The Singular Value Decomposition of a real-valued $m$ x $n$ matrix M is a
factorisation of the form
M = U D V'
where U is $m$ x $m$, D is $m$ x $n$ and V is $n$ x $n$. The diagonal entries {$d_{ii}$} of D are the "singular values" of M. If your code provides U,D and V as output, you need only multiply them as shown and check that the original matrix is reconstructed. Presumably you would not be asking if that were the case. But perhaps they are available from the library you are using?

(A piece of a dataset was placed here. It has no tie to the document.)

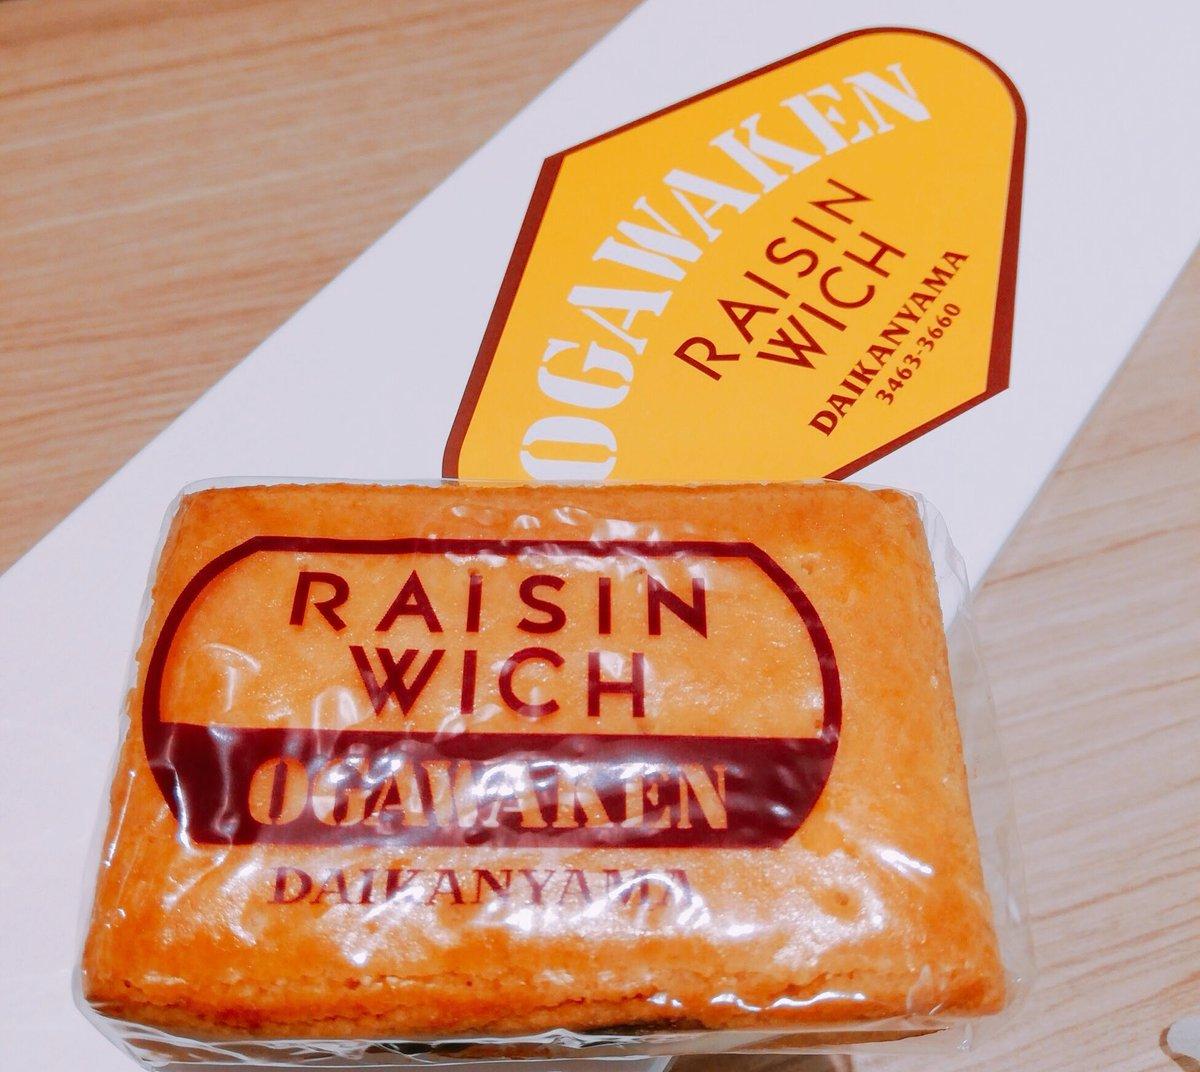 test ツイッターメディア - 10/14の昼食  酸辣湯スープごはん、カニカマとサラダ、#代官山小川軒 レーズンウィッチ レーズンウィッチはいただきもの。代官山小川軒のが一番好き💕昔は一度に3個はペロリ🤤でしたが、今はそんなことしません…😂幸せでした。 #スティーブのダイエットを応援します @cuishishou https://t.co/bUYICmhAoe

Alternatively, you might try finding some other software that preforms SVD and match your results against that. Using R, for example, help for the function svd() (see ?svd) will provides the following example decomposing a Hilbert matrix X:
hilbert <- function(n) { i <- 1:n; 1 / outer(i - 1, i, "+") }
(X <- hilbert(9)[, 1:6])
[,1] [,2] [,3] [,4] [,5] [,6]
[1,] 1.0000000 0.5000000 0.33333333 0.25000000 0.20000000 0.16666667
[2,] 0.5000000 0.3333333 0.25000000 0.20000000 0.16666667 0.14285714
[3,] 0.3333333 0.2500000 0.20000000 0.16666667 0.14285714 0.12500000
[4,] 0.2500000 0.2000000 0.16666667 0.14285714 0.12500000 0.11111111
[5,] 0.2000000 0.1666667 0.14285714 0.12500000 0.11111111 0.10000000
[6,] 0.1666667 0.1428571 0.12500000 0.11111111 0.10000000 0.09090909
[7,] 0.1428571 0.1250000 0.11111111 0.10000000 0.09090909 0.08333333
[8,] 0.1250000 0.1111111 0.10000000 0.09090909 0.08333333 0.07692308
[9,] 0.1111111 0.1000000 0.09090909 0.08333333 0.07692308 0.07142857
Taking the SVD provides the factors
(s <- svd(X))
$d
[1] 1.668433e+00 2.773727e-01 2.223722e-02 1.084693e-03 3.243788e-05
[6] 5.234864e-07
$u
[,1] [,2] [,3] [,4] [,5] [,6]
[1,] -0.7244999 0.6265620 0.27350003 -0.08526902 0.02074121 -0.00402455
[2,] -0.4281556 -0.1298781 -0.64293597 0.55047428 -0.27253421 0.09281592
[3,] -0.3121985 -0.2803679 -0.33633240 -0.31418014 0.61632113 -0.44090375
[4,] -0.2478932 -0.3141885 -0.06931246 -0.44667149 0.02945426 0.53011986
[5,] -0.2063780 -0.3140734 0.10786005 -0.30241655 -0.35566839 0.23703838
[6,] -0.1771408 -0.3026808 0.22105904 -0.09041508 -0.38878613 -0.26044927
[7,] -0.1553452 -0.2877310 0.29280775 0.11551327 -0.19285565 -0.42094482
[8,] -0.1384280 -0.2721599 0.33783778 0.29312535 0.11633231 -0.16079025
[9,] -0.1248940 -0.2571250 0.36542543 0.43884649 0.46496714 0.43459954
$v
[,1] [,2] [,3] [,4] [,5] [,6]
[1,] -0.7364928 0.6225002 0.2550021 -0.06976287 0.01328234 -0.001588146
[2,] -0.4432826 -0.1818705 -0.6866860 0.50860089 -0.19626669 0.041116974
[3,] -0.3274789 -0.3508553 -0.2611139 -0.50473697 0.61605641 -0.259215626
[4,] -0.2626469 -0.3921783 0.1043599 -0.43747940 -0.40833605 0.638901622
[5,] -0.2204199 -0.3945644 0.3509658 0.01612426 -0.46427916 -0.675826789
[6,] -0.1904420 -0.3831871 0.5110654 0.53856351 0.44663632 0.257248908
so that the diagonal matrix D
(D <- diag(s$d))
[,1] [,2] [,3] [,4] [,5] [,6]
[1,] 1.668433 0.0000000 0.00000000 0.000000000 0.000000e+00 0.000000e+00
[2,] 0.000000 0.2773727 0.00000000 0.000000000 0.000000e+00 0.000000e+00
[3,] 0.000000 0.0000000 0.02223722 0.000000000 0.000000e+00 0.000000e+00
[4,] 0.000000 0.0000000 0.00000000 0.001084693 0.000000e+00 0.000000e+00
[5,] 0.000000 0.0000000 0.00000000 0.000000000 3.243788e-05 0.000000e+00
[6,] 0.000000 0.0000000 0.00000000 0.000000000 0.000000e+00 5.234864e-07
allows reconstruction of X = U D V'
s$u %*% D %*% t(s$v) ## X = U D V'
If your code provides only the "singular values", they should match the diagonal of D given here to within whatever tolerance seems acceptable to you.
Small test cases usually work best, until you are ready to test throughput / timing.